There is a difference between alpha and beta testing! Neways what is pre-beta? Just asking coz I never heard it while studying software engineering or ever!


----------



## QwertyManiac (Dec 22, 2006)

Maybe he meant pre-public-beta. Or, as MS says, Internal Beta ?


----------



## eddie (Dec 23, 2006)

mediator said:
			
		

> I'm still on FC5, no updates, no upgrades, but only all new additional software installations.


 You are exposing yourself to some serious security risks. Just because you run Linux does not mean you don't need to install updates especially in the times when we have high-speed always on internet connections. This is not being brave...this is being...well..."not smart".
__________


			
				mediator said:
			
		

> Neways what is pre-beta?


 Me no software engineer but Alpha may be? Pardon me if I am wrong


----------



## mediator (Dec 23, 2006)

eddie said:
			
		

> You are exposing yourself to some serious security risks. Just because you run Linux does not mean you don't need to install updates especially in the times when we have high-speed always on internet connections. This is not being brave...this is being...well..."not smart".


Absolutely korrect!  But my 256 kbps is not so high speed after all! And I sit like 3 hrs on average on my PC, usually watch some downloaded cartoons, emails, programs and site surfing not much. I'm not so much addicted to PC.  So this has nuthing to do with being "not smart", but basically being carefree.
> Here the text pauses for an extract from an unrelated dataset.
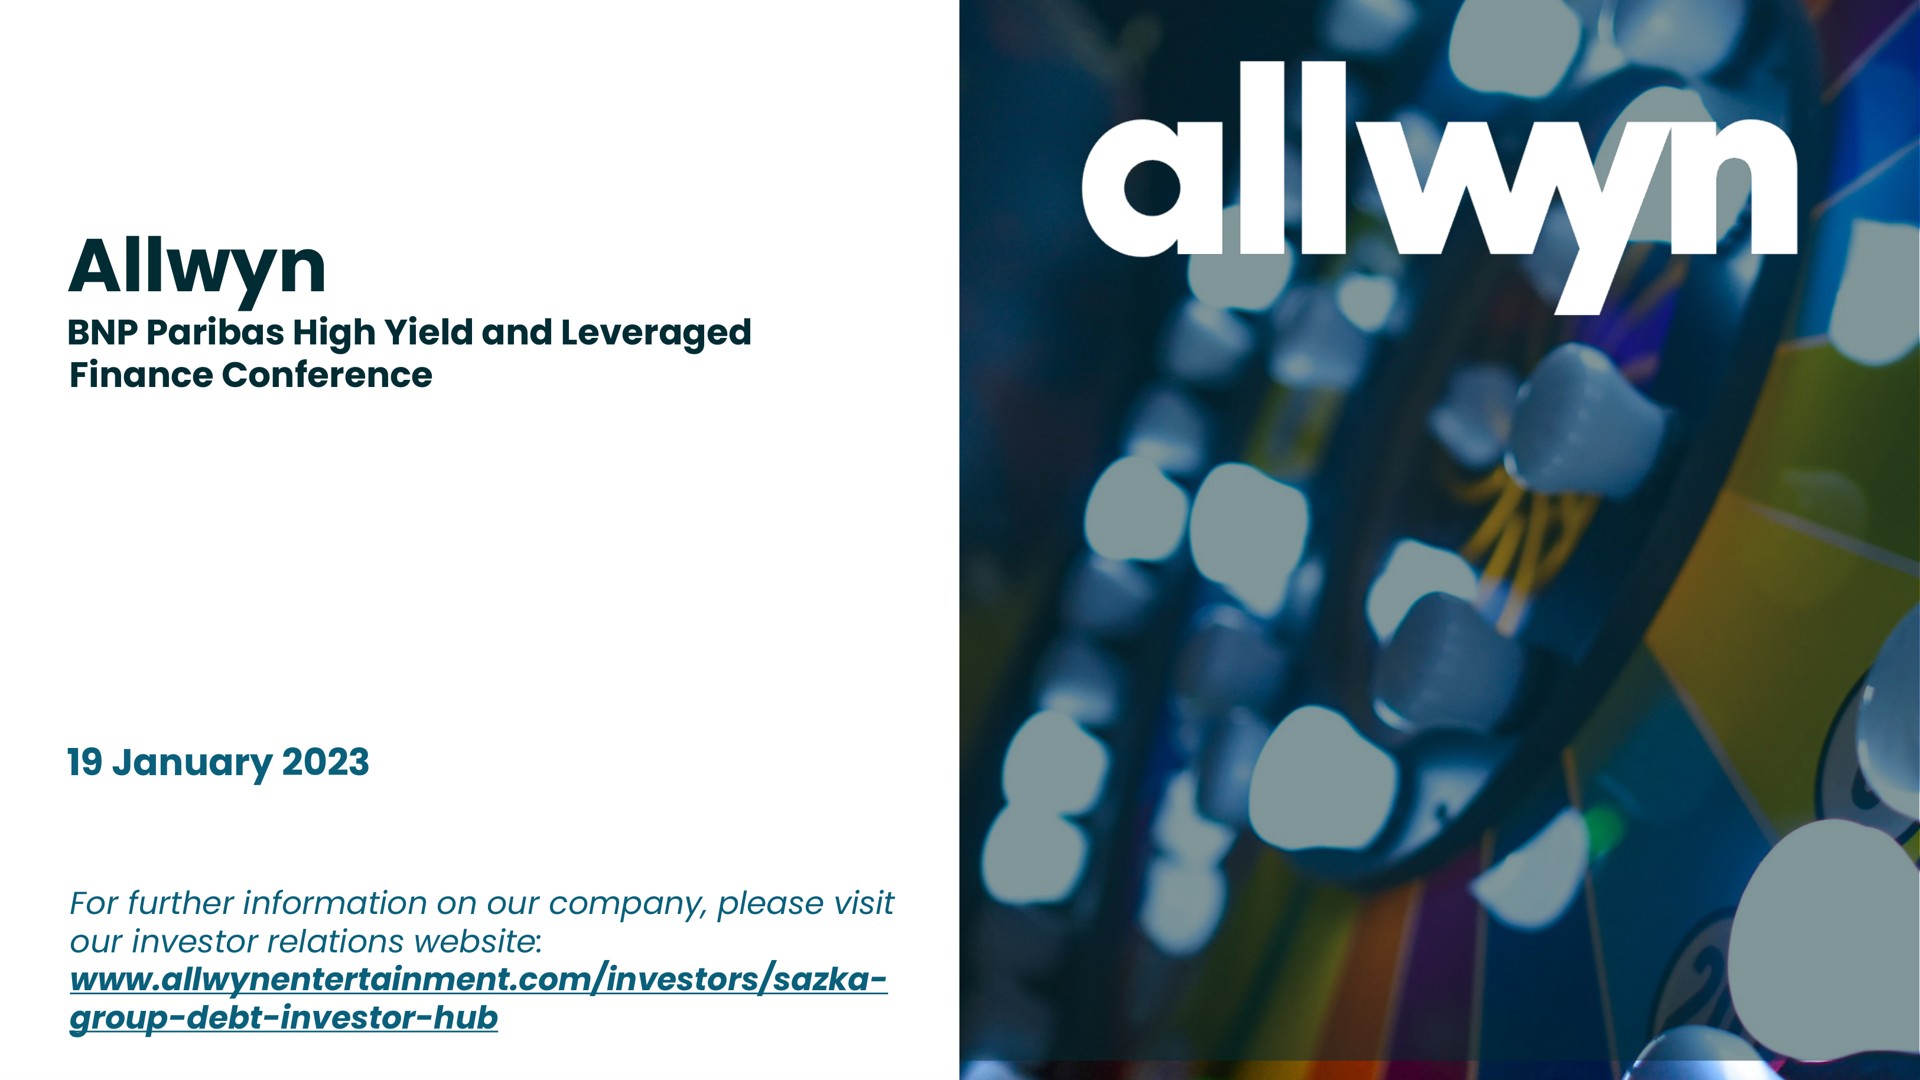 high yield and leveraged finance conference for further information on our company please visit our investor relations investors group debt investor hub | Allwyn

Neways the I have Ubuntu on my Lappy that I have set to automatic update mode coz its lightwieght and therefore small amount of softwares need to be updated unlike fedora. Hmmmm..... with mtnl 256 kbps plans being upgraded to 1mpbs, I think I will update fedora too then. 



			
				eddie said:
			
		

> Me no software engineer but Alpha may be? Pardon me if I am wrong


Well software engineering specifies 3 types of testing
1. Acceptance testing : where software is developed for a specific customer
2. Alpha testing : conducted *at developer'ss site* by a customer in a controlled environment. i.e before giving out beta releases
3. Beta testing : conducted by customer's/end-user's *at their site*. Well everybody knows about beta tests.

Source : Software engineering by K.K aggarwal and Yogesh Singh
Please google to find more on this if anyone wants to!

So its not even alpha testing coz its conducted at devloper's site!! If its condcuted by other's i.e other devlopers and non-developers out of company, then its simply beta. No pre-beta !!


----------



## eddie (Dec 23, 2006)

No matter how long you use your system...updates should be made and 256kbps is high enough for us Indians 

If you don't want to install all the updates then just use security repositories and at least install updates related to security issues.


----------



## mediator (Dec 23, 2006)

eddie said:
			
		

> No matter how long you use your system...updates should be made and 256kbps is high enough for us Indians
> 
> If you don't want to install all the updates then just use security repositories and at least install updates related to security issues.


I know!  But I have Mtnl Rs.590 night plan that gives some MBs during day (an obstacle) and unlimited during night and at night I download movies only!!  Thats a different matter that I dont watch them.
Neways I'll be upgrading to mtnl unlimited after some time, then I'll upgrade straight to FC6 I guess.


----------